The princess, wife of Darasche-Koh, lay there strapped to a steel frame. Where the ropes had cut into her flesh were blue bruises, and in her mouth there was a silk gag.

A nameless horror took possession of the audience.

‘Pierrot!’ a voice suddenly shrilled. ‘Pierrot!’ Like a dagger, indescribable fear penetrated every heart.

‘Where is the prince?’

During the tumult the Persian had disappeared.

Melanchthon stood on the shoulders of Mephisto, but he could not lift the cap of the bottle, and the air valve was screwed tightly shut.
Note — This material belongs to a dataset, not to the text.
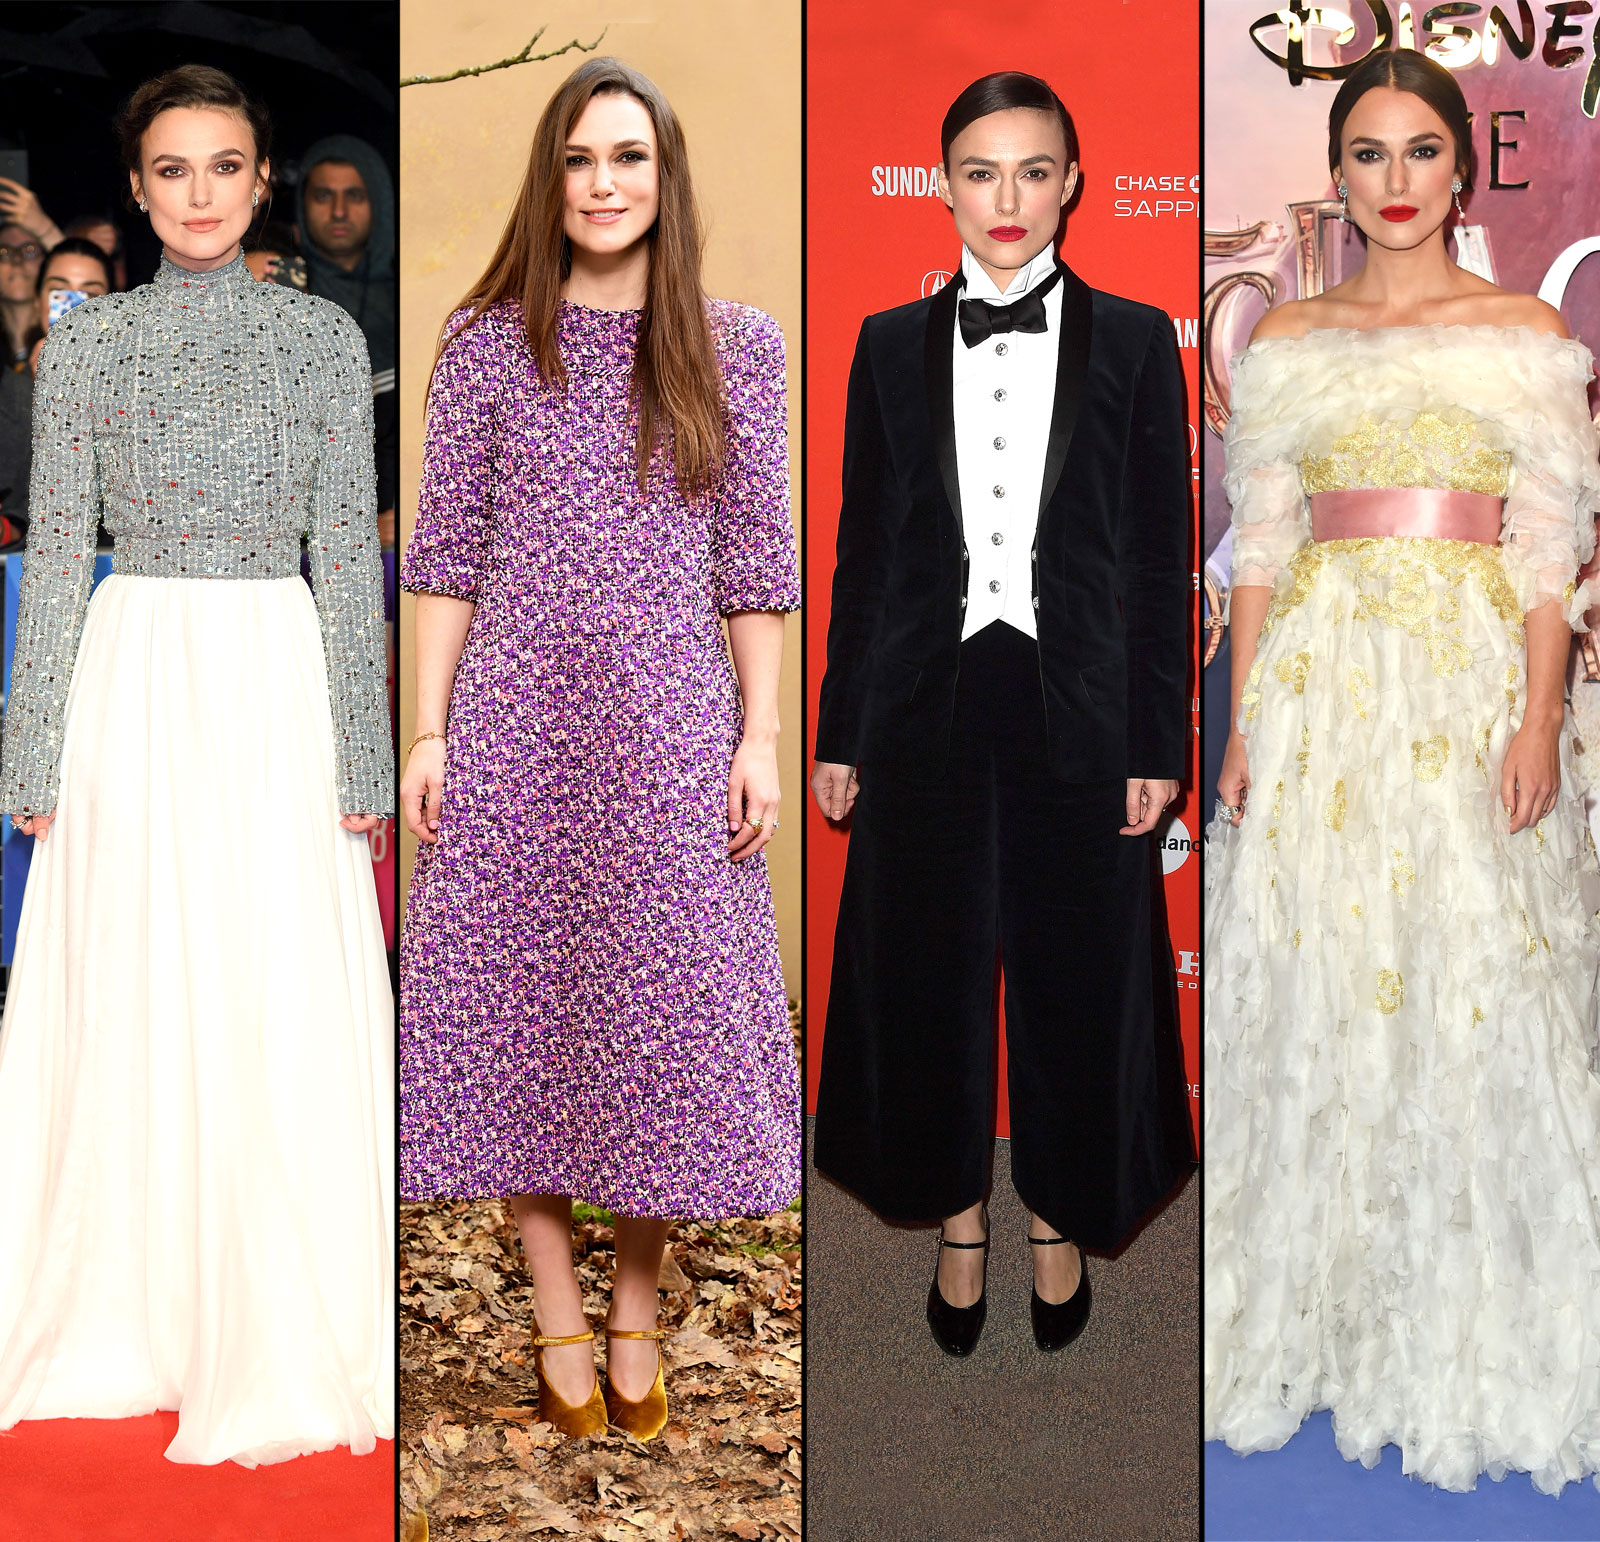 Keira Knightley Is A Knockout In Chanel See Her 10 Top Red Carpet Looks Us Weekly Keira Knightley Wearing Chanel On The Red Carpet Her Best Looks
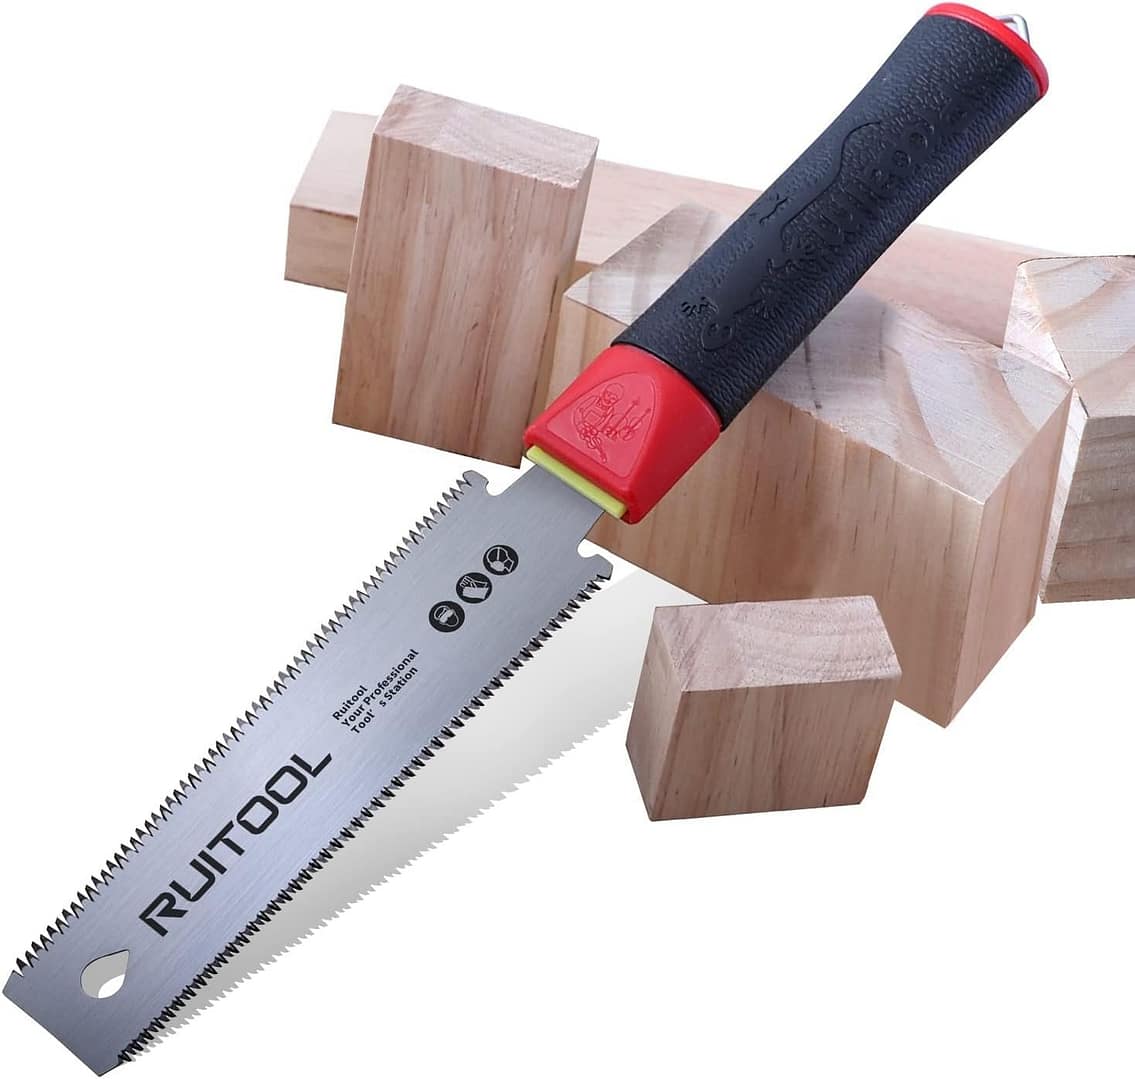 ruitool japanese hand saw 6 inch pull saw review

‘Break the walls of the bottle! Quick!’

The Dutch councilor tore the cudgel from the hand of the crimson executioner and with a leap landed on the stage.

A gruesome sound arose, like the tolling of a cracked bell. Like streaks of white lightning the cracks leaped across the surface of the glass. Finally the bottle was splintered into bits. And within lay, suffocated, the corpse of the Count de Faast, his fingers clawing his breast.

The bright hall seemed to darken.

Silently and with invisible pinions the gigantic ebon birds of terror streaked through the hall of the fête.